Give an exact copy of the data that follows, but none of its pictures.

COLLECTED DATA
———

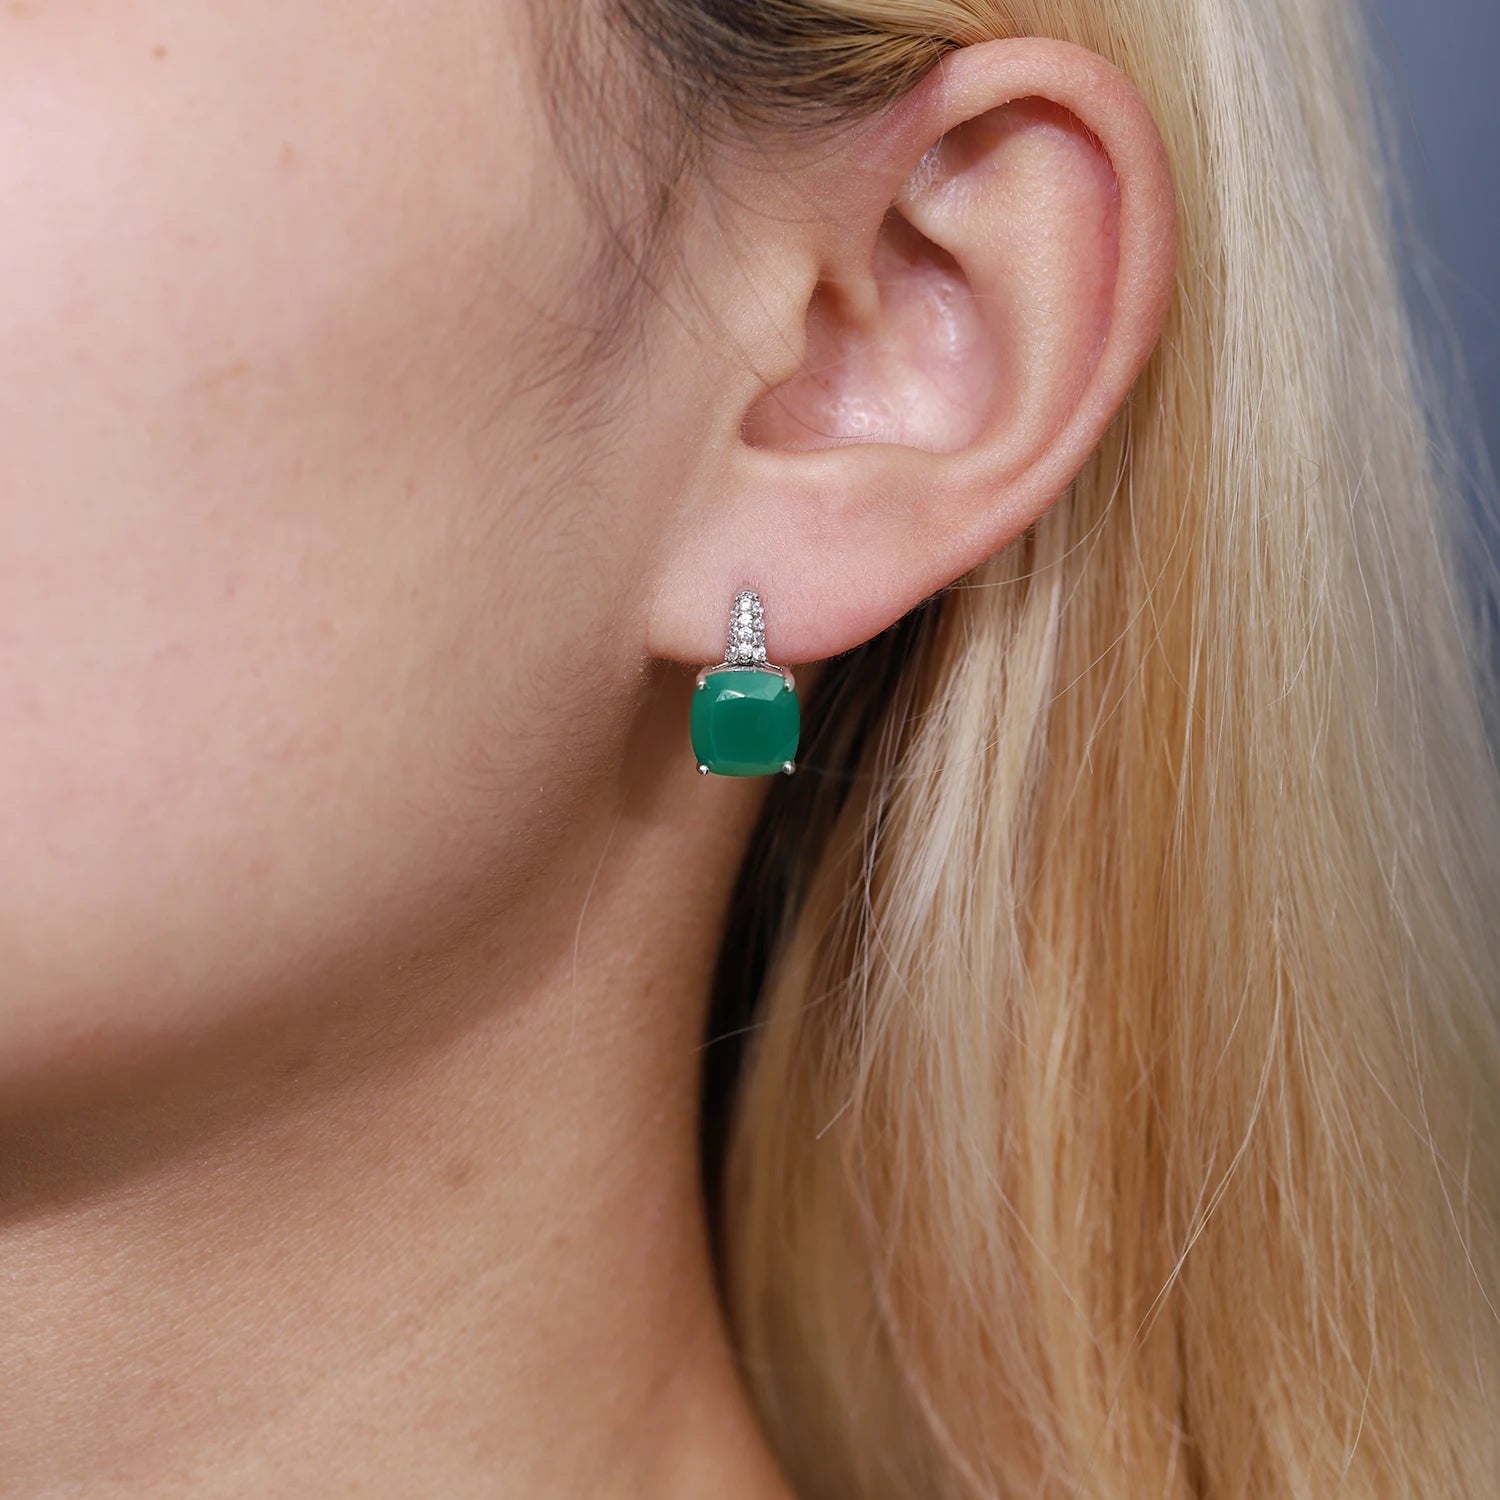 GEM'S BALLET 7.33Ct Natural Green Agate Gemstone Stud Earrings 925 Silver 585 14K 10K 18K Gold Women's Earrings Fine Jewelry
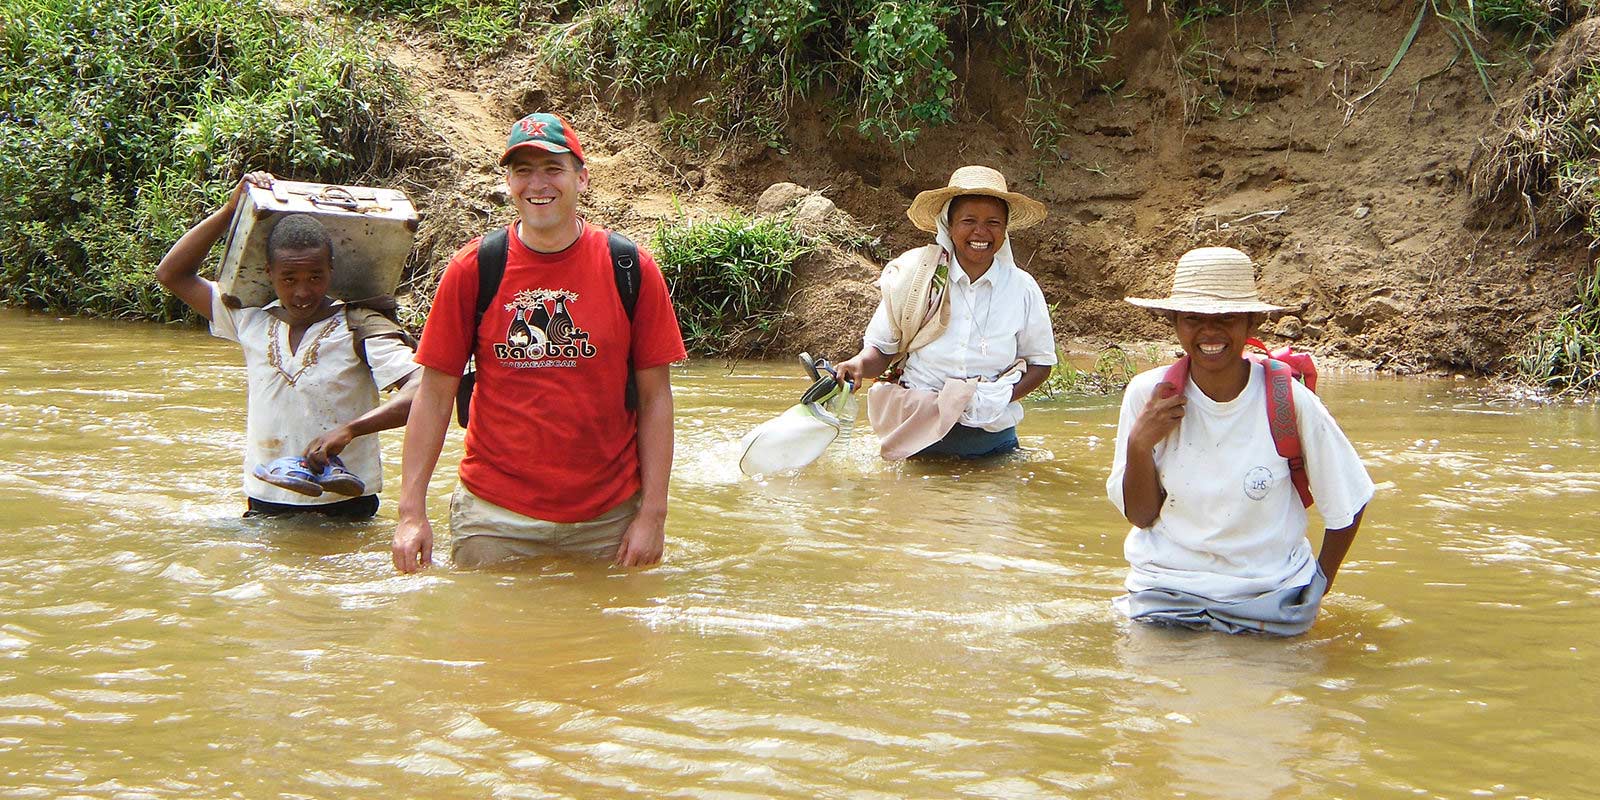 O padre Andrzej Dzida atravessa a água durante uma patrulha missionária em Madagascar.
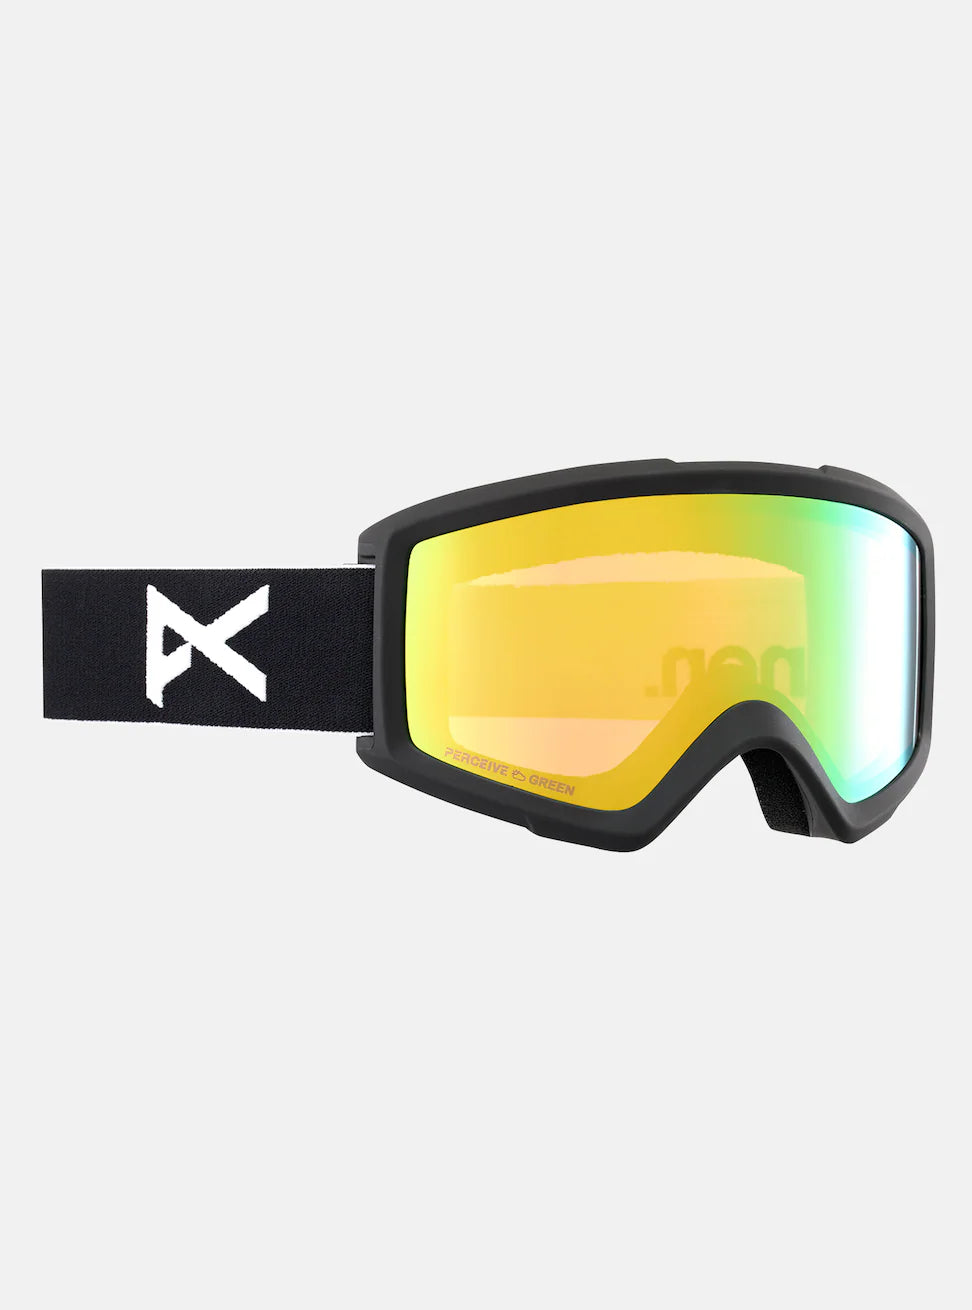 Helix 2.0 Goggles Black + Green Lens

———

WRITTEN RESPONSE
 GEM'S BALLET 7.33Ct Natural Green Agate Gemstone Stud Earrings 925 Silver 585 14K 10K 18K Gold Women's Earrings Fine Jewelry
 O padre Andrzej Dzida atravessa a água durante uma patrulha missionária em Madagascar.
 Helix 2.0 Goggles Black + Green Lens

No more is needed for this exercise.